If you are injured at work, having your medical expenses paid is only one portion covered by workers’ compensation insurance.
Workers’ compensation is also expected to pay for any loss of wages due to the injury and the follow-up care that may be required. Long-term after care should also be included as part of your claim. If your employer is denying your right to additional medical treatment, a Missouri workers’ compensation attorney may be able to help.
The Meaning of Maximum Medical Improvement
There are a number of work-related injuries that could require medical attention for months or even years after maximum medical improvement (MMI) has been declared. Most often this is meant to cover the need for pain relieving medications or treatments. MMI does not mean that you are completely cured from the injury; it only means that there are no other known treatments for your injury that could restore you back to your pre-injury condition.
Workers’ Compensation Law and Future Medical Expenses
In Missouri, the workers’ compensation law is clear on its inclusion for the coverage of future medical expenses. It is defined as being necessary “as may reasonably be required after the injury or disability, to cure and relieve from the effects of the injury.” This can be found in Section 287.140.1. It is interpreted by administrative law judges to mean that an employee does not need to present any conclusive evidence that treatment will be needed in the future. Only a reasonable probability needs to be shown. This probability can be presented by an expert medical witness. The physician will need to show how the future care required is a direct result of the accident.
Case Study – Pain Management
A case brought before the Missouri labor board on appeal provides an example. The employee, who had undergone extensive treatment for work-related carpals tunnels syndrome, was asking as part of her claim that the cost of controlling the pain she still felt be covered as part of her right to workers’ compensation benefits. The treatment required pain medications as well as stabilizing splints at the wrists to control their range of motion.
Missouri law supported the woman’s claim in this case and allowed for the payment of future medical care by the employer. When totaled with the other compensations allowed, the young woman was awarded a total of $28,111.16.
There are many similar types of injuries that may cause long-term pain, although the employee can return to work.

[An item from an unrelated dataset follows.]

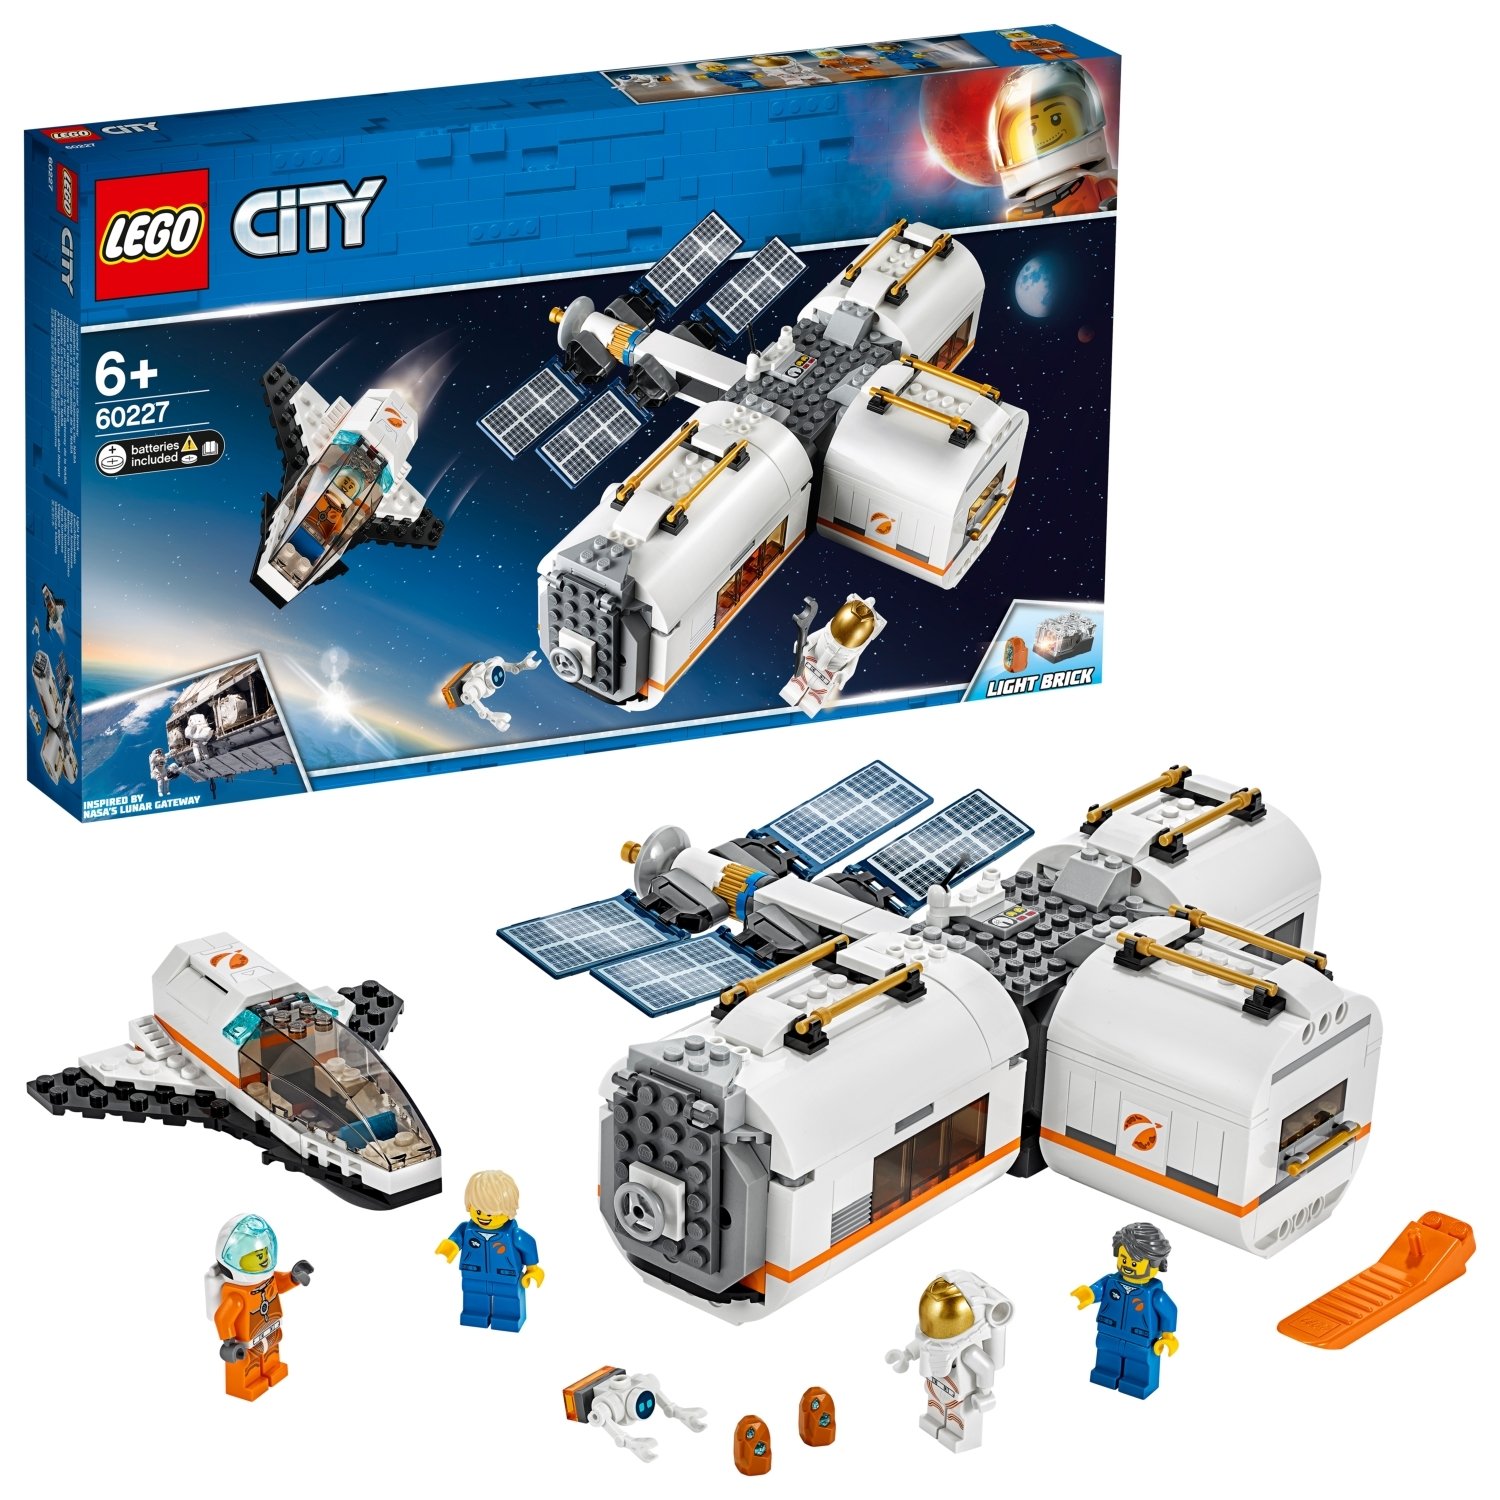 LEGO City Lunar Space Station Playset - 60227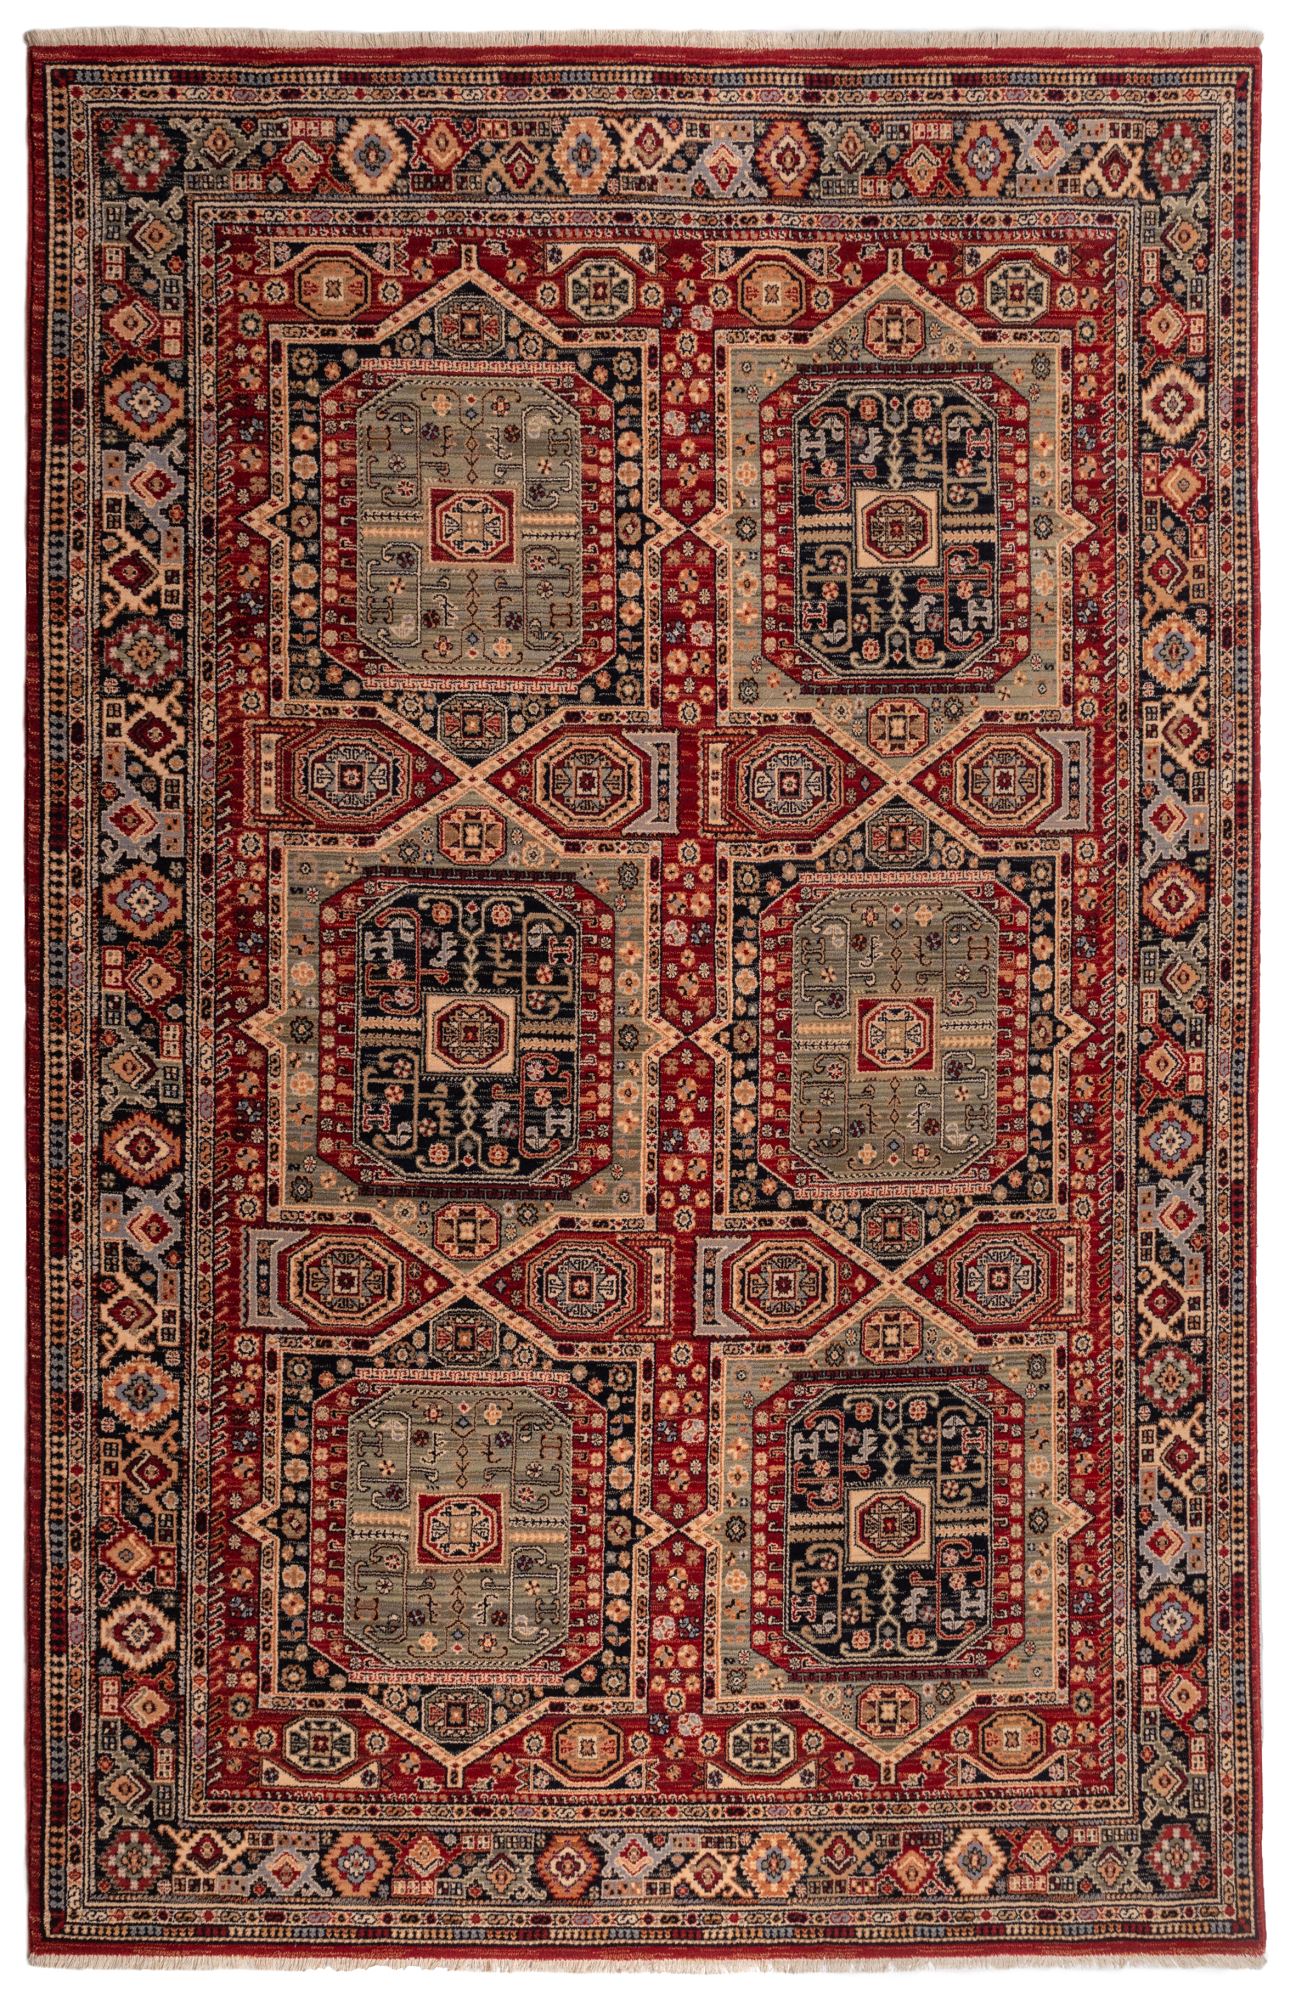 SAHARNA YALAMEH - Tapis oriental en laine rouge et marron 80x150

A back injury can sometimes require years before the pain completely subsides or stops flaring up. All Missouri employees who are suffering from on-going pain as a result of a work-related injury may be entitled to compensation for the treatment.
When Your Claim Has Been Denied
If your claim for future medical care has been denied, a Missouri workers’ compensation attorney can assist you in filing the appeal. The law in Missouri is clear on what is covered, and it is your right as an employee to receive the maximum amount of compensation applicable for your case.